Doesn’t it feel kind of morally dubious to rely on p-values as a bureaucratic rule in the first place? I mean, I suppose it is a really good way to use numbers as a means of politicizing science and creating your own narrative.
Morally dubious? Almost certainly. But the main thing about bureaucratic rules is that expediency, especially expediency provided by rules that may be borrowed because they appear to solve a problem that means the org doesn’t have to think about it anymore, is more often than not priority number 1.
So it’s not about creating your own narrative or politicization as much as a process of resolving issues so the org can move on to the next issue.
Wasn't p-value hacking a known component of this whole dust up? Soooo.....
I feel like we're in need of a suitably grim and sly 'iron law' as a larger intellectual framework for these kind of discussions- maybe 'doing sophisticated statistics is only necessary to find small effects, and small effects have a habit of not existing'.

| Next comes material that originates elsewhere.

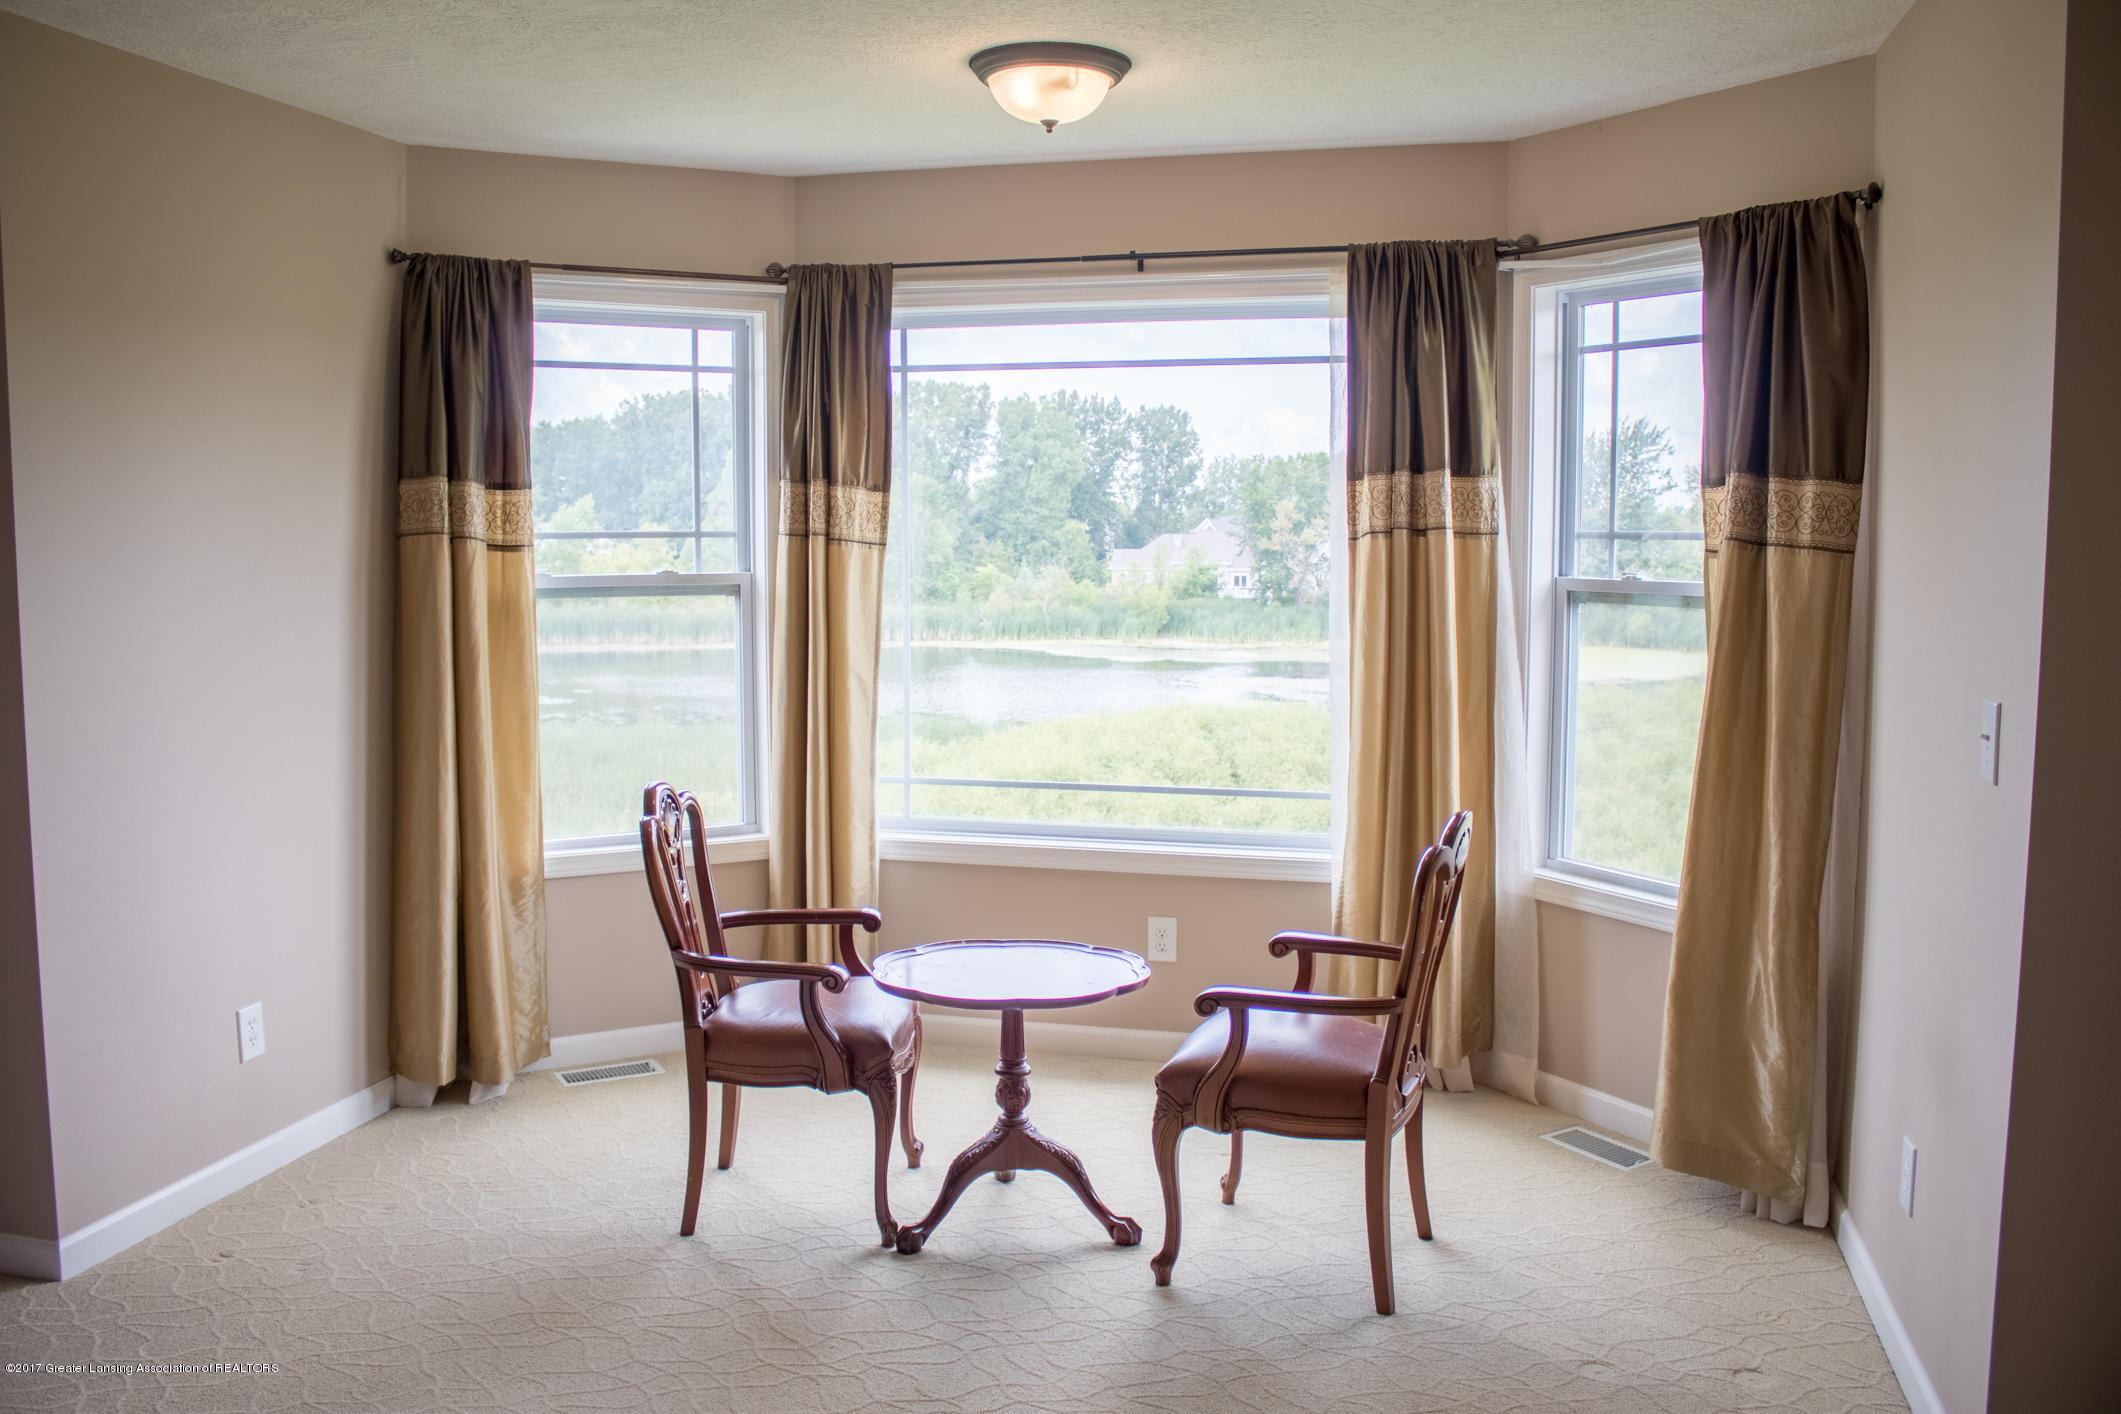 2550 Lupine Ct - Master Bedroom Sitting Area - 54

Yeah, I think the impact of p-hacking was wildly overstated with little evidence to substantiate the panic.
And I 100% agree with your iron law. Or we could go with my favorite (apocryphal) Rutherford adage: "If your experiment needs statistics, you ought to have done a better experiment."

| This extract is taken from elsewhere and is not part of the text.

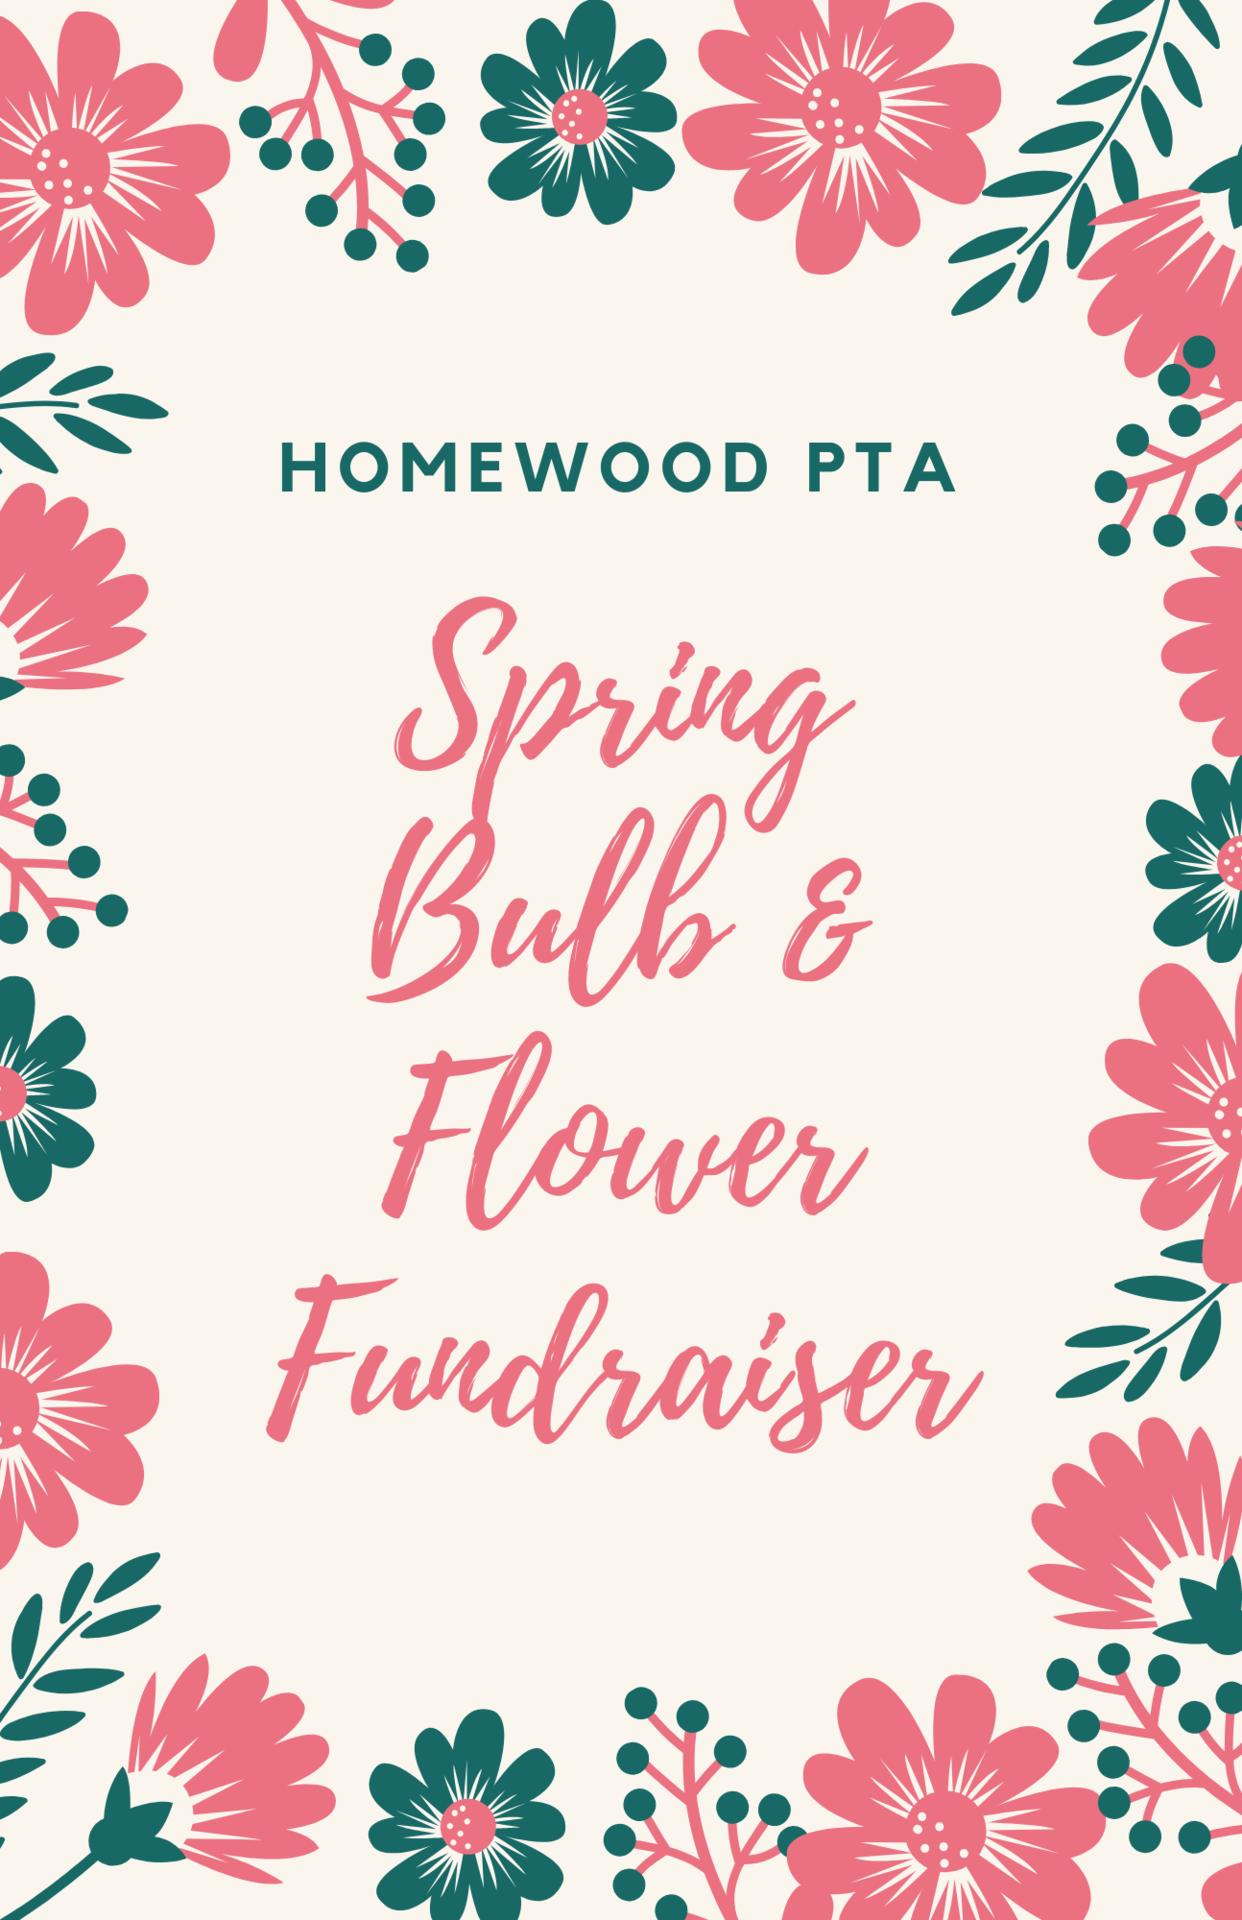 Homewood PTA spring fundraiser

Hi, thanks for sharing these thoughts. I copied here my replies on Bluesky:
I agree that trying to convert aggregate p-values into a replication rate won't be reliable. Nonetheless, a paper's p-values seem to track something awfully related to replicability. Per Figure 6 [1], fragile p-values neatly identify numerous topics and methods known to produce non-replicable findings
Small take on your COVID vaccine example, a p-value of p = .01 based on a correlation seems intuitive? Flip a coin 10 times and you'll get heads 9 times 1% of the time. Yet, Pfizer and society should act strongly on that result given their priors on efficacy and given the importance of the topic
The replication crisis is certainly not over, and the paper always refers to it as ongoing. However, I wonder what is the online layperson's view of psychology replicability. The crisis entered public consciousness, but I doubt the public is as aware of the progress to increase replicability
Continuing on this response to "The replication crisis in psychology is over", it is also worth considering psychology's place relative to other fields. Looking at analogous p-value data from neuro or med journals, only psychology seems to make a meaningful push to increase the strength of results
Although we certainly shouldn't conclude that the replication crisis is over, it seems fair to say that there has been productive progress
> But it should be obvious that the problem in psychology was not that 6% of the papers had p-values in a bad range.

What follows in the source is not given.